Biologic medicines continue to change the lives of more and more people across the world. However, with molecules becoming increasingly complex, that means developing the correct manufacturing process is not easy. I have worked within the industry for over 15 years on viral vaccines, anti-drug antibodies, and therapeutic proteins. I have focused on current good manufacturing practice (cGMP) manufacturing, upstream process development, immunoassay, and scale-up. I have been able to develop processes for over one dozen molecules.
I often think about what makes a process “good” or “optimised” – and where the pitfalls are. An optimised process, in my opinion, produces highly purified materials from a minimum amount of batches. Clinical timelines are met and you are prepared for commercial launch, while cost, quality, and supply are managed. An optimised process also must minimise chances of failure, streamline operations, and improve robustness and consistency. Engineering controls must be considered as well, to prevent contamination events or the introduction of adventitious agents. All of this should result in long-term successful manufacturing.
This is of course easier said than done. The bioprocessing workflow involves so many different crucial areas, so it can be difficult to know where you should focus your efforts. I believe that success usually comes taking a more measured approach as well as balancing the trade-offs that come with speed-to-clinic and process optimisation that are customised to meet your specific molecule needs.
You can focus on a number of different areas in order to optimise your upstream process performance. However, balance is quite important as well. Achieving the highest titer is not always key. For example, it might be sensible to develop a process where a 5 g/L titer can be achieved instead of an ideal set of conditions being identified that are necessary for achieving a 7 g/L. If that is necessary for the process to operate exactly right, then even a small deviation might result in titers that are a lot lower than the initial 5 g/L and they may possibly fail.

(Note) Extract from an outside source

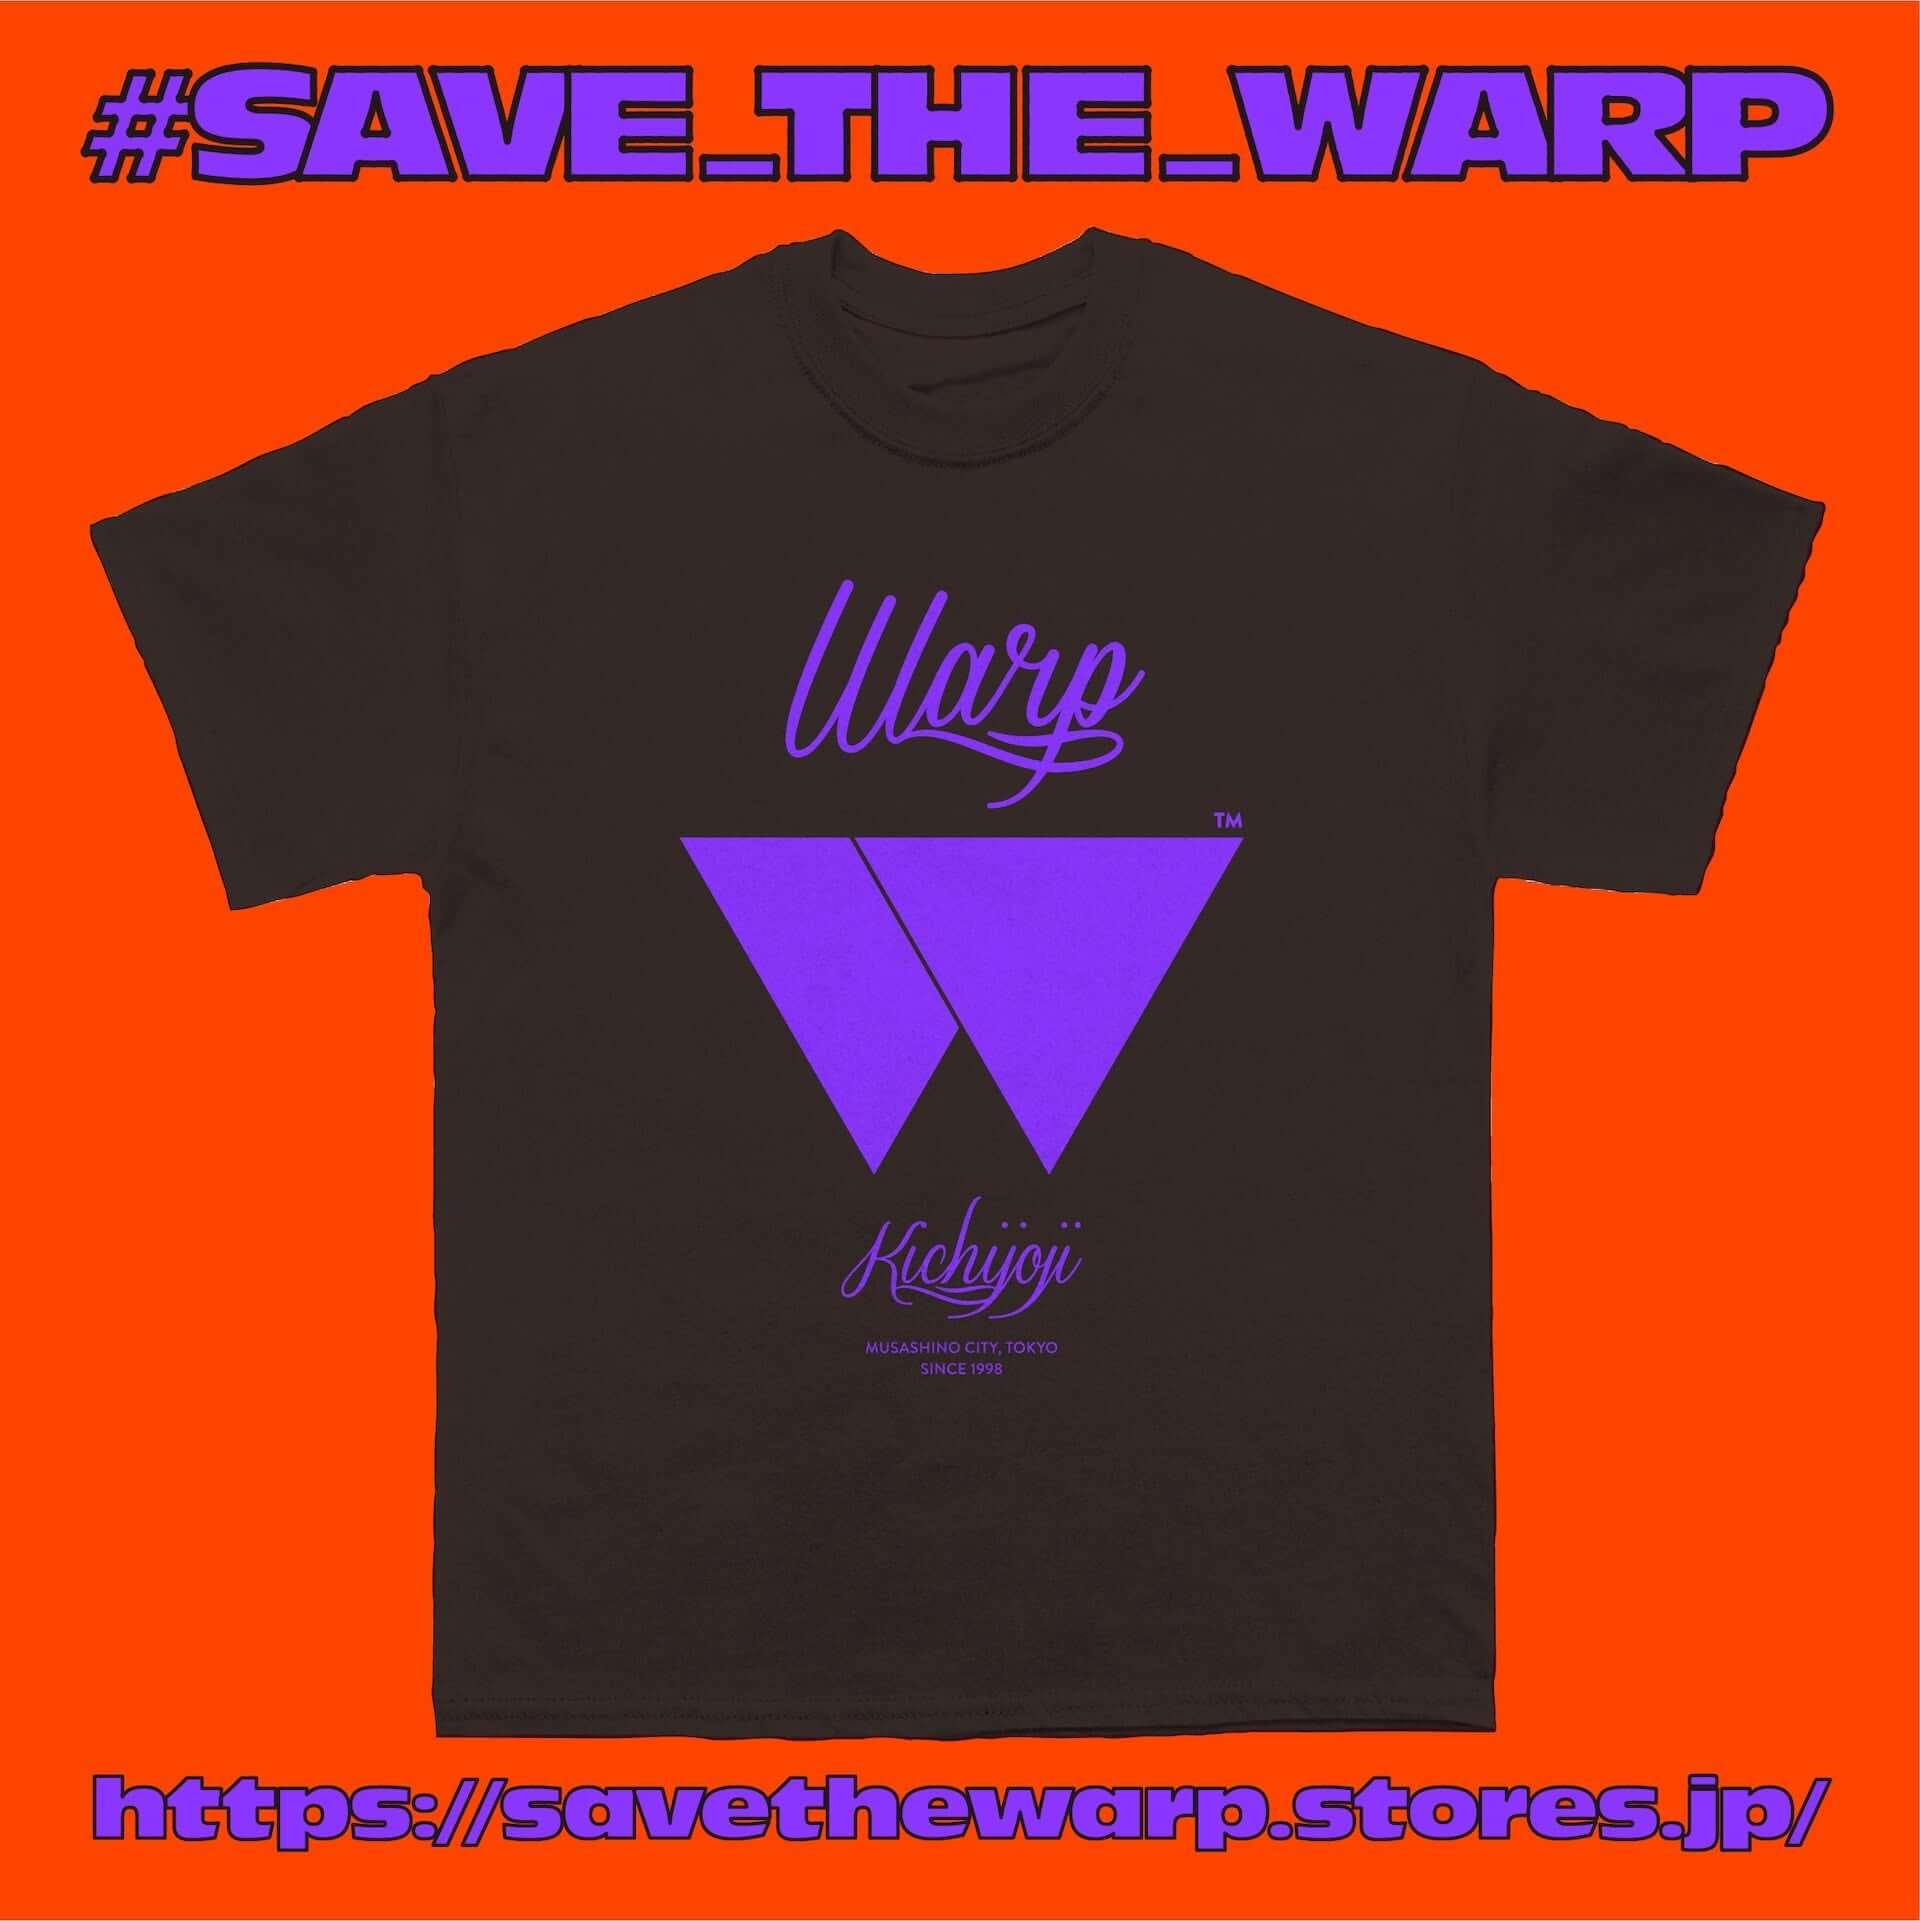 吉祥寺WARP応援プロジェクト「SAVE THE WARP」が始動|Wienners、忘れらんねえよ柴田ら44組参加のコンピが発売決定 music200721_savethewarp_6-1920x1921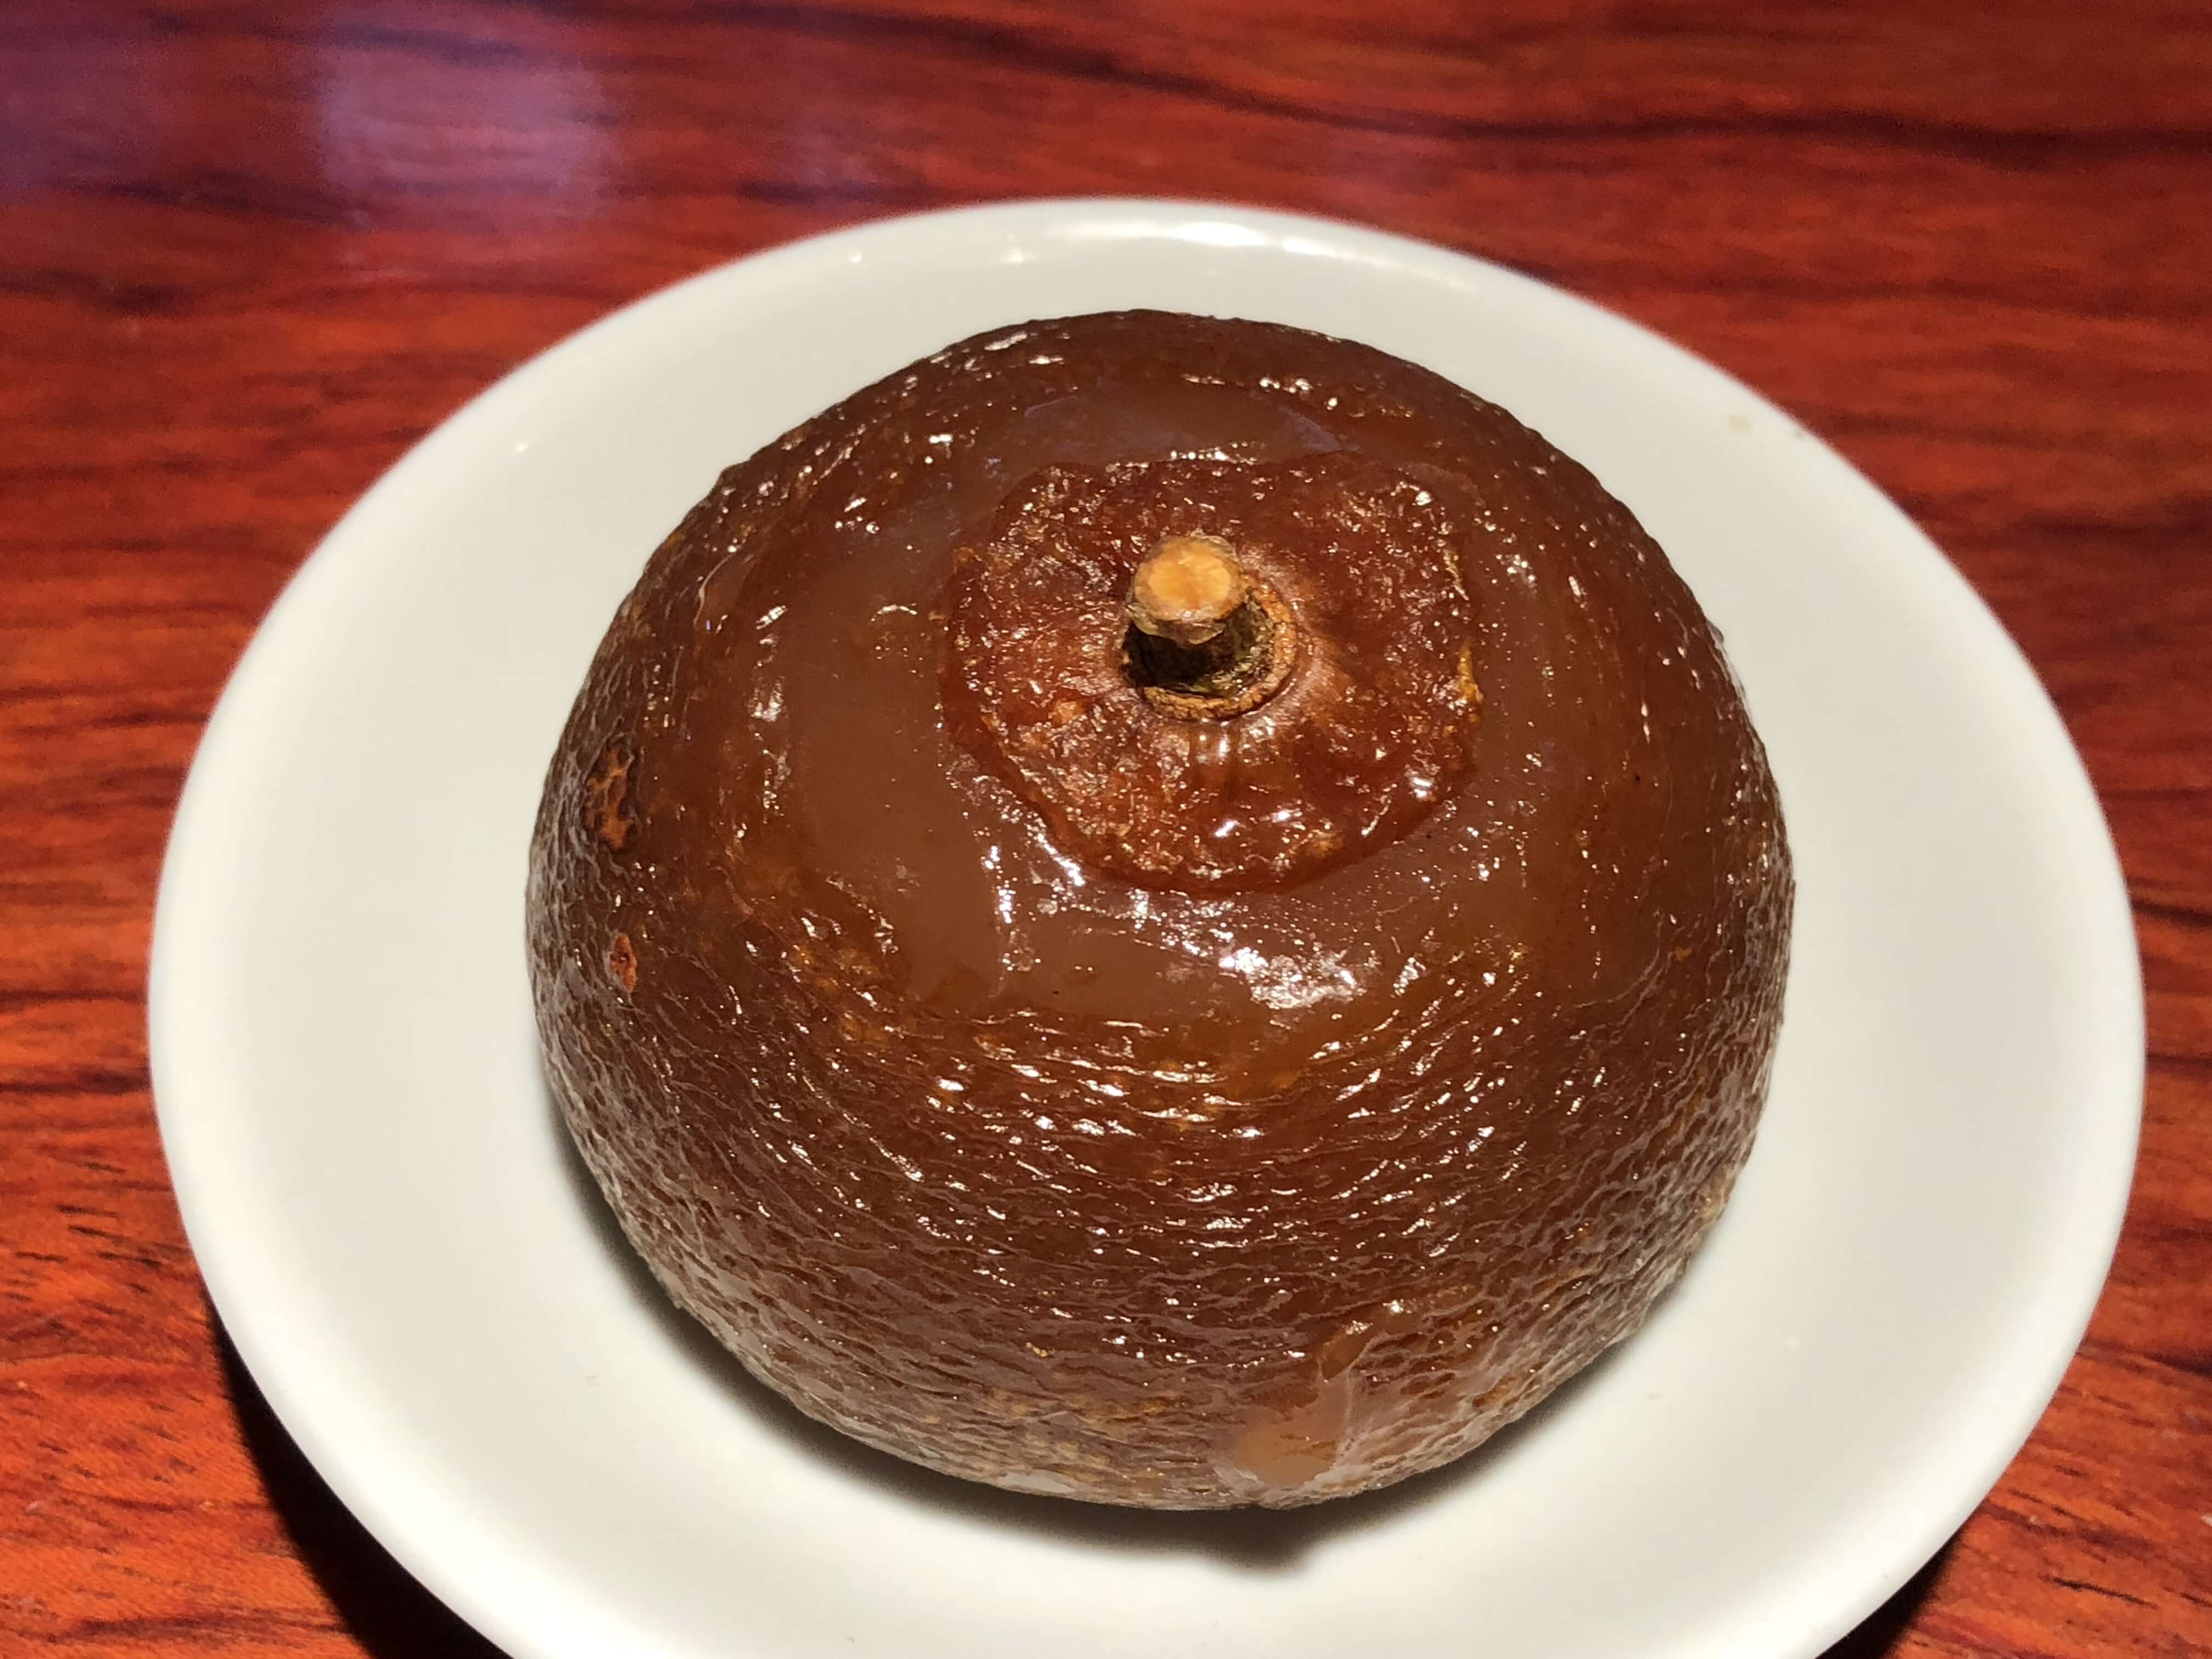 石川県の隠れた名菓「丸柚餅子」。芳醇な柚子の香りに包まれる至極の味わい

Overall, I think that throughout the optimisation process there are three main questions that must be asked:
How can we simplify the process?
Something that can be easily run on a small scale in a lab may result in unnecessary variabiliy and risk within large-scale GMP environments. If a complex feeding strategy is replaced with one that is more simplified, it may help to reduce the risk of failure. When closed systems are used rather than open manipulations, it can also help to lower the risk of contamination. When cell expansion or media preparation is streamlined, it can help to reduce variability.
What can be done to ensure consistent performance?
When a commercial manufacturing process is used, more batches need to be run. At this point, consistency and robustness are key – especially if your goal is commercially manufacturing multiple batches each month, or perhaps dozens each year.
How does the upstream impact the downstream?
It is essential to consider the downstream implications on your upstream process to make sure the material that is being produced can be purified downstream consistently.
How to manage quality and supply
Needing to have quality raw materials is associated with another important thing that needs to be considered: assurance of having a consistent supply. Having to deal with a stock-out is something no one wants – including biopharmaceutical companies and suppliers. Throughout biological process development, you must consider how reliable your raw material supply chain is. It is critical to have supply continuity.